I don’t advocate banning pornography outright, but I admit it has a dangerous property. If you are “into” a particular genre of pornography you don’t get “out of it” by seeing it more. Nobody ever says “I’ve already seen 400 deep-fakes of Sarah Palin, I don’t care if I ever see another.” Constantly watching the same genre or pornography actually makes you less sensitive to quality, and more sensitive to the quantity and intensity of the stimulus.

This isn’t my thing either. I’m more into neoclassical sculptures of naiads.

These pornographic images of illegal aliens climbing the border walls and committing crimes, alter the brains of FOX viewers and make them hungry for more. At first, they just need to see an illegal immigrant cash a social security check. After, a year of 24/7 FOX news coverage, they need harder stuff. They need slightly darkened mugshots of illegal aliens who have murdered police officers, and they need the police officer to be a married veteran, and they to see need it for 10 minutes.

It’s not about hate. They just NEED it. Do you understand me? There’s a place for amusement, but things have gotten out of hand, and I think these people would do well to cut their porn consumption and find an active hobby. Perhaps cycling or BJJ. It’s not a big sacrifice, FOX will only be more stimulating when they come back to it later.

Endless bombardment with porn increases desire but leads to desensitization. This sculpture does nothing for a FOX news viewer.

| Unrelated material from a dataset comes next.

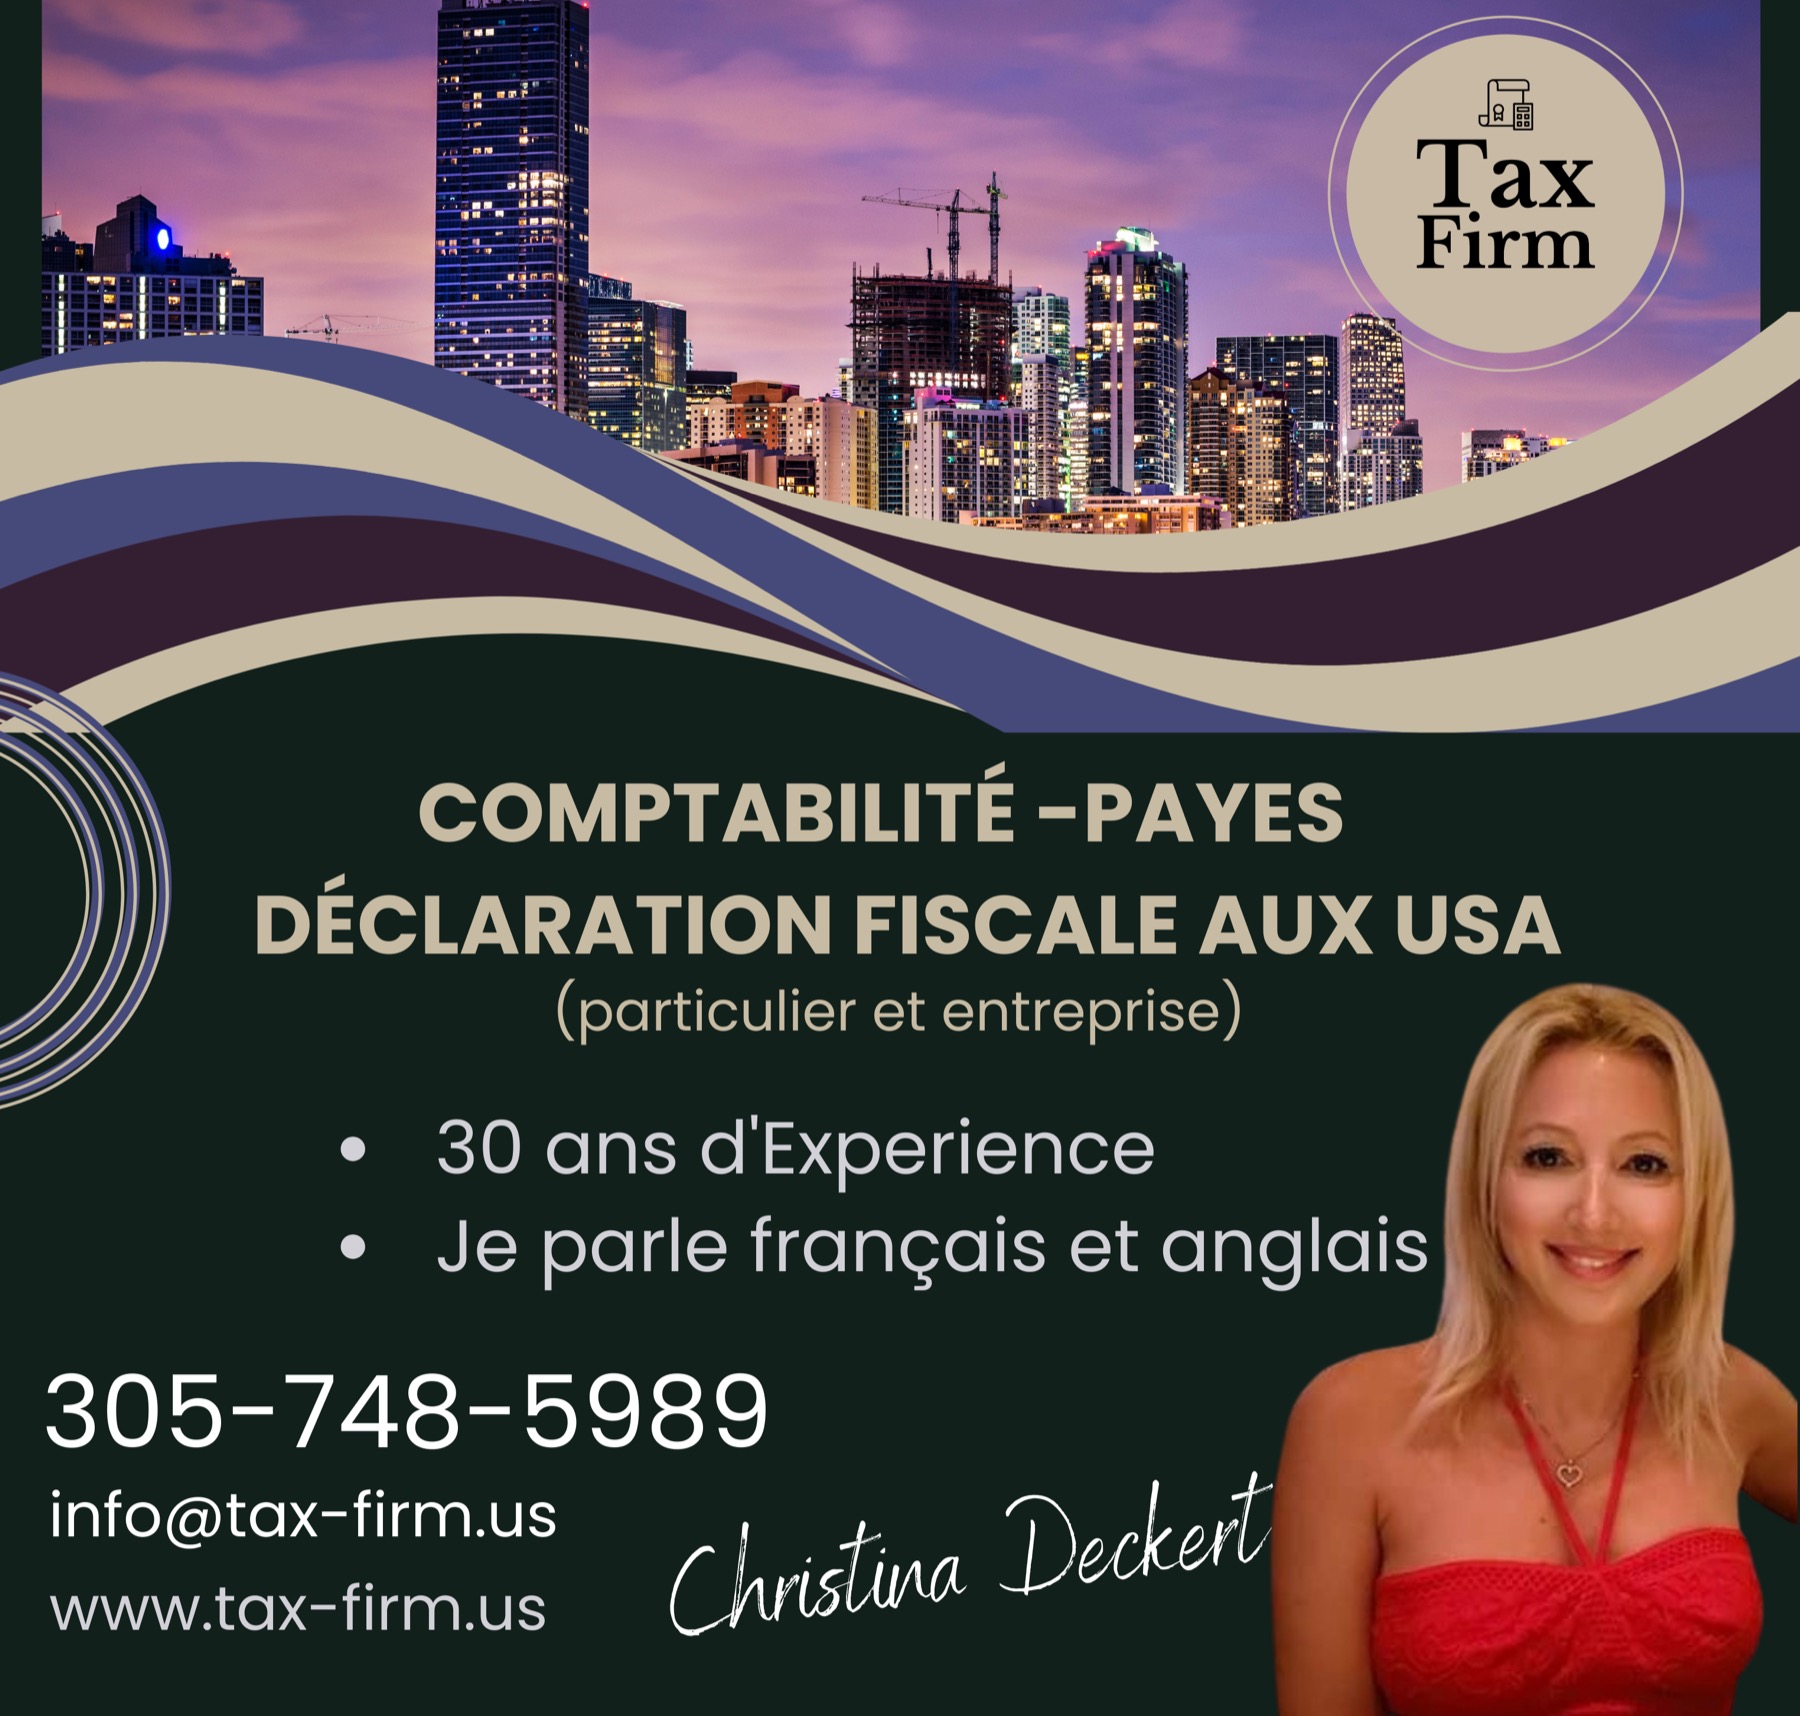 Christina Deckert - Tax Firm USA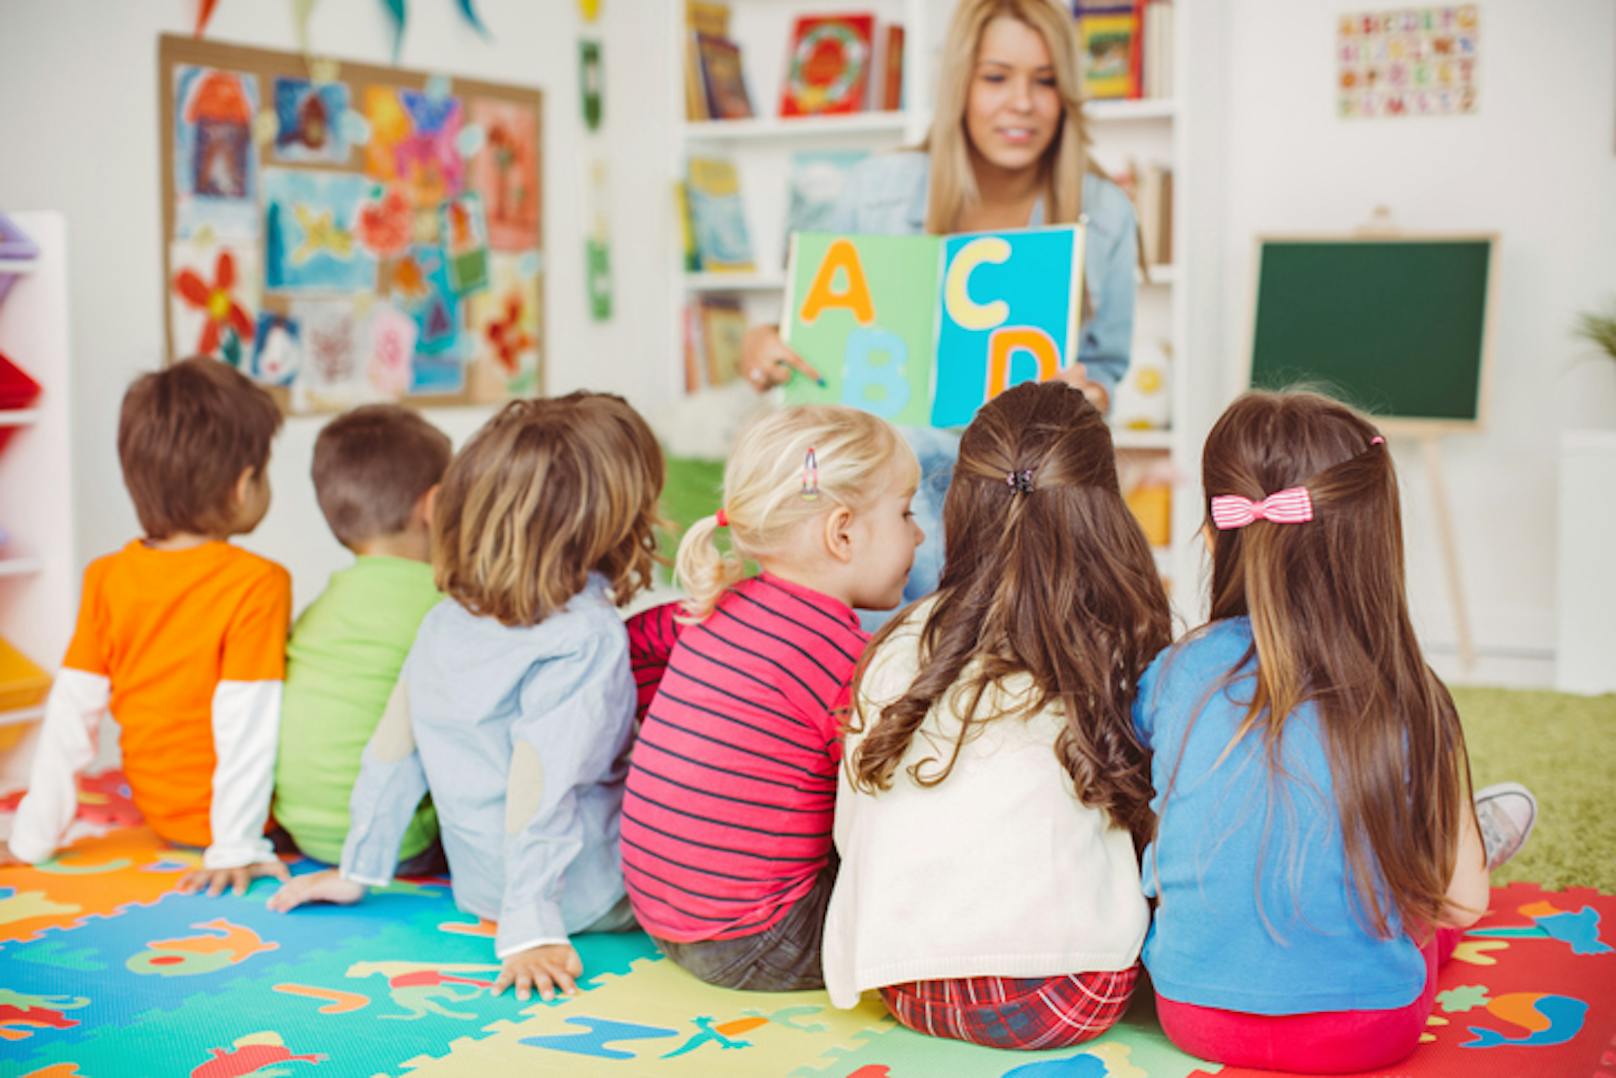 Das Ansteckungsrisiko im Kindergarten scheint relativ gering zu sein, wie eine neue Studie ermittelt. <br>

I’m a free speech absolutist. I don’t support hate speech bans, but I do think pure obscenity (as defined by the supreme court) is a special case because it’s doesn’t have any semantic content. I’d support regulations that treated purely pornographic portrayals of divisive issues as if they were obscene and required parental warnings before segments like the one Laura Ingram presented. As for Laura herself, I don’t wish her any harm. I’d love to see her take a year off, drive her beloved Minivan through the beautiful wilderness of this great land, and discover herself. There’s no telling what she’d say if given the capacity to form her own opinions.

Your soul’s out there Laura. Go and claim it!